_TASK REQUIREMENTS_
Every line below needs to be printed again exactly, without any of its pictures.

_INFORMATION SHOWN_
┌──

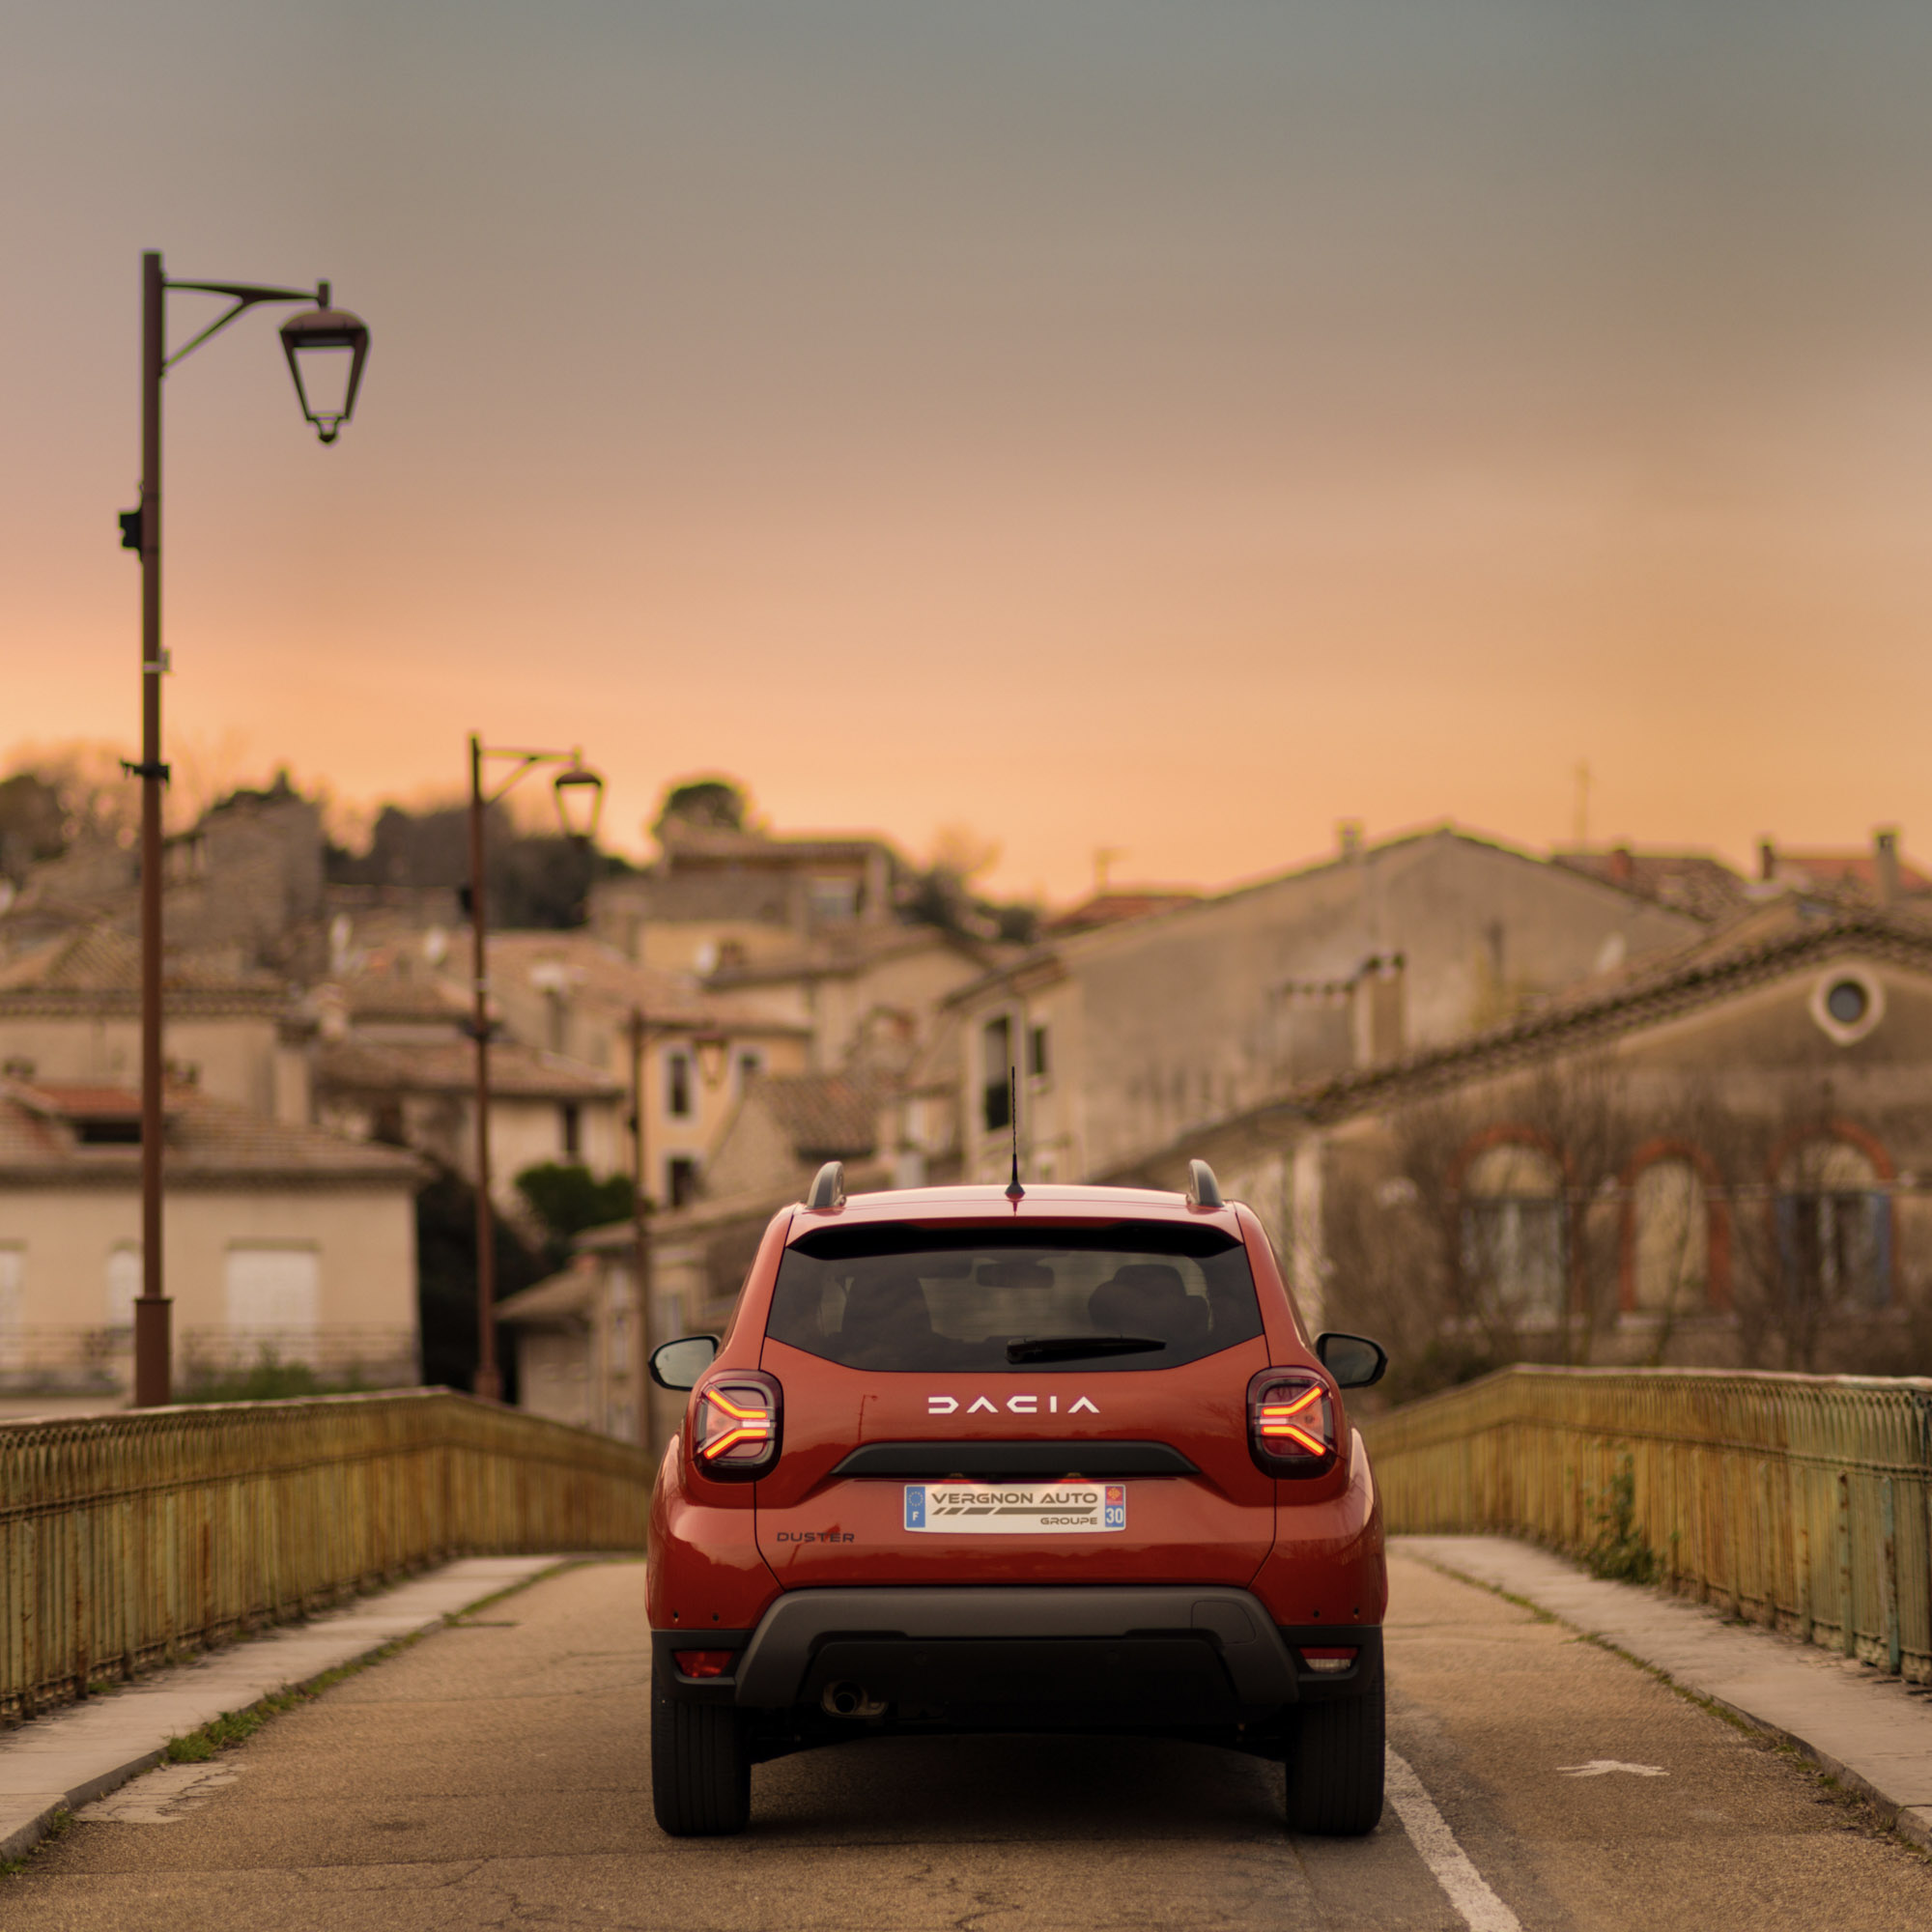 Le nouveau Dacia Duster en direction du centre historique de Sauve, en Piémont cévenol, dans le Gard.
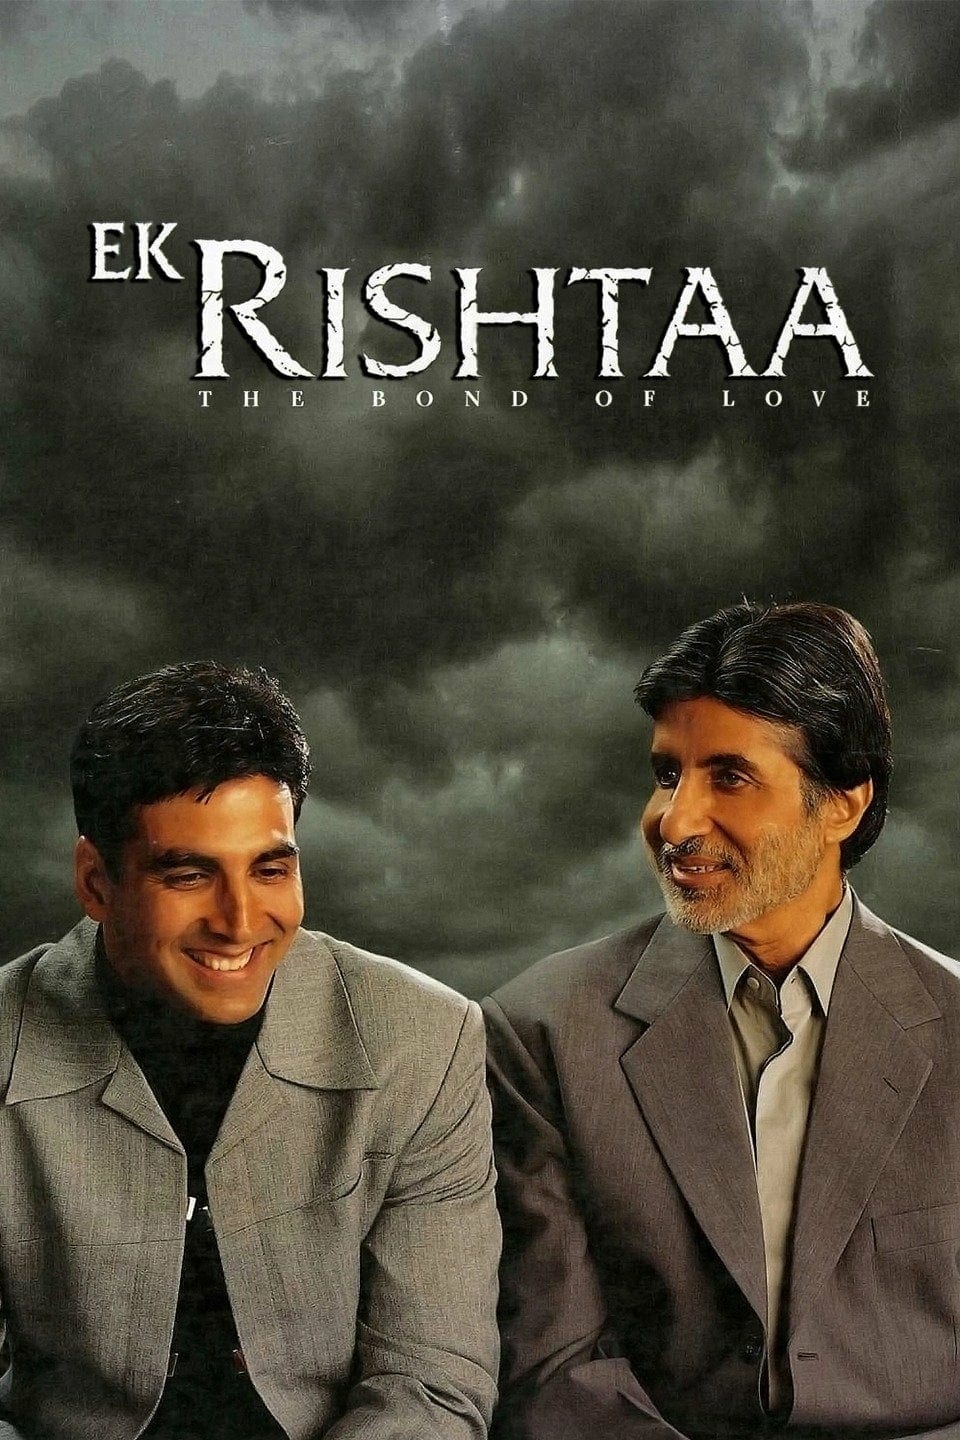 Poster for the movie "Ek Rishtaa: The Bond of Love"
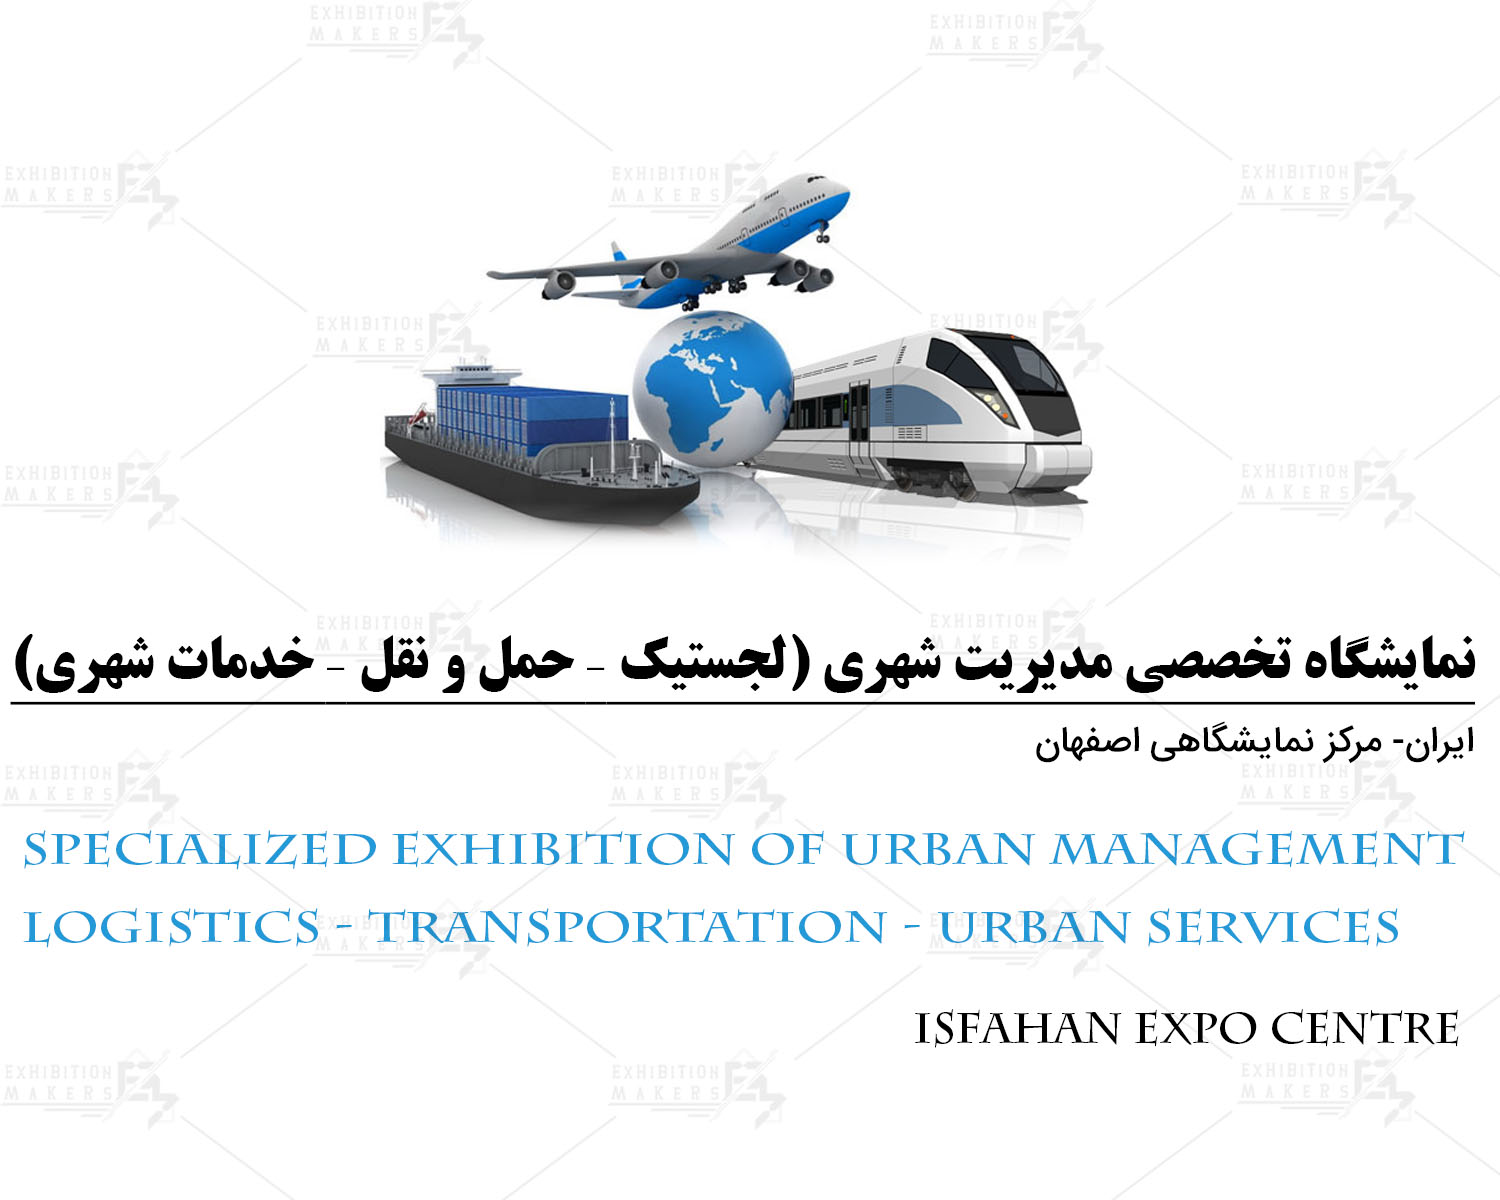 نمایشگاه تخصصی مدیریت شهری (لجستیک – حمل و نقل – خدمات شهری ) اصفهان
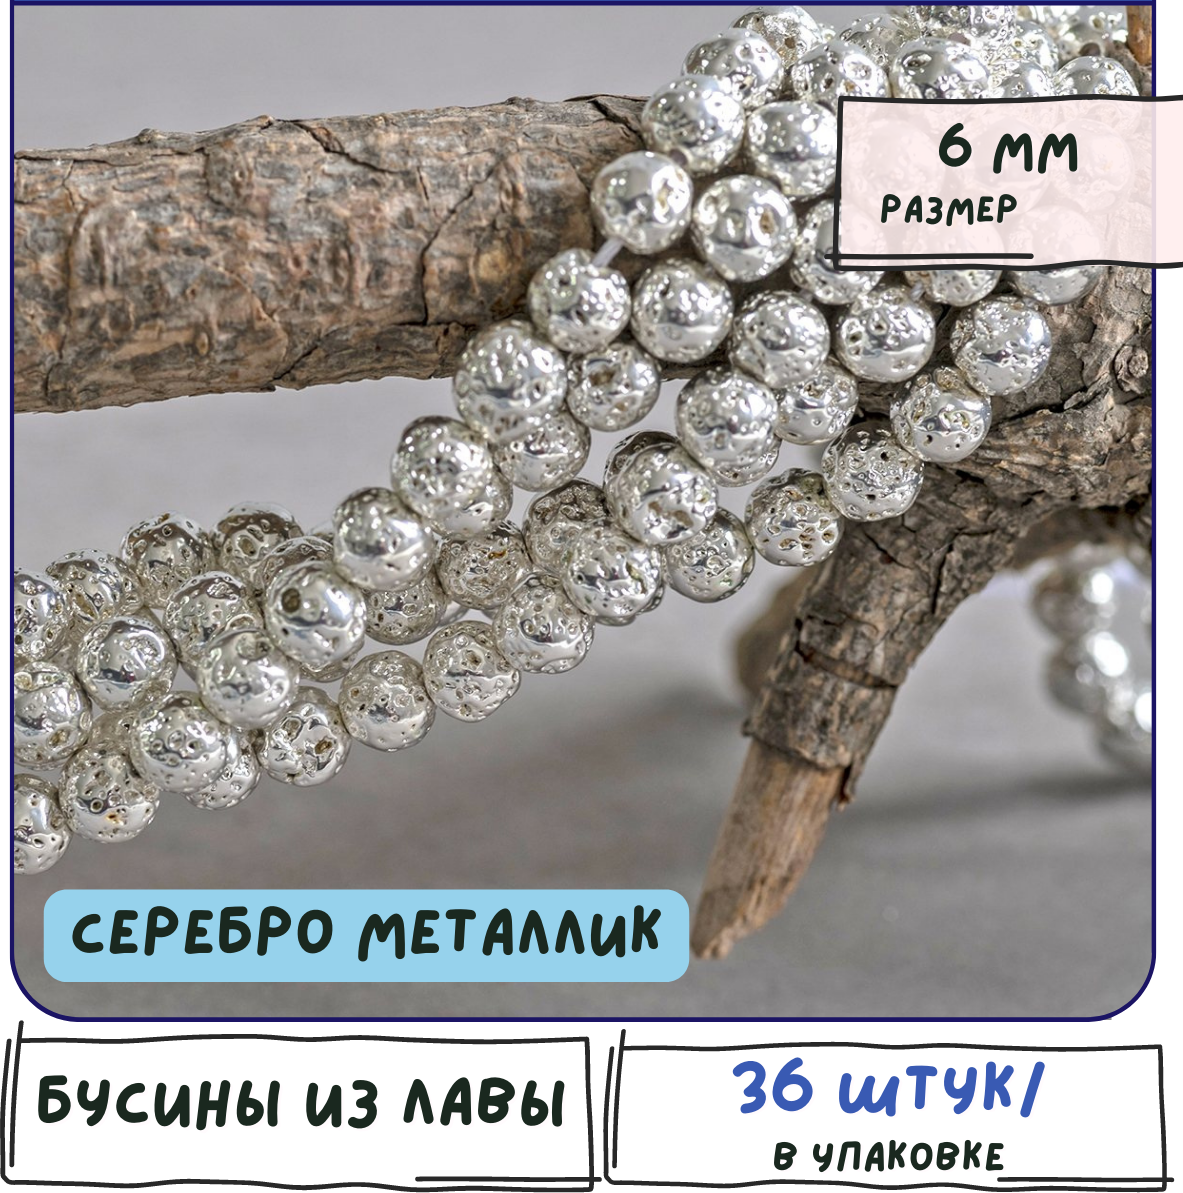 Лава Бусины натуральные 36 шт, цвет серебряный металлик, размер 6 мм

└──

_EXERCISE SOLUTION_
 Le nouveau Dacia Duster en direction du centre historique de Sauve, en Piémont cévenol, dans le Gard.
 Poster for the movie "Ek Rishtaa: The Bond of Love"
 نمایشگاه تخصصی مدیریت شهری (لجستیک – حمل و نقل – خدمات شهری ) اصفهان
 Лава Бусины натуральные 36 шт, цвет серебряный металлик, размер 6 мм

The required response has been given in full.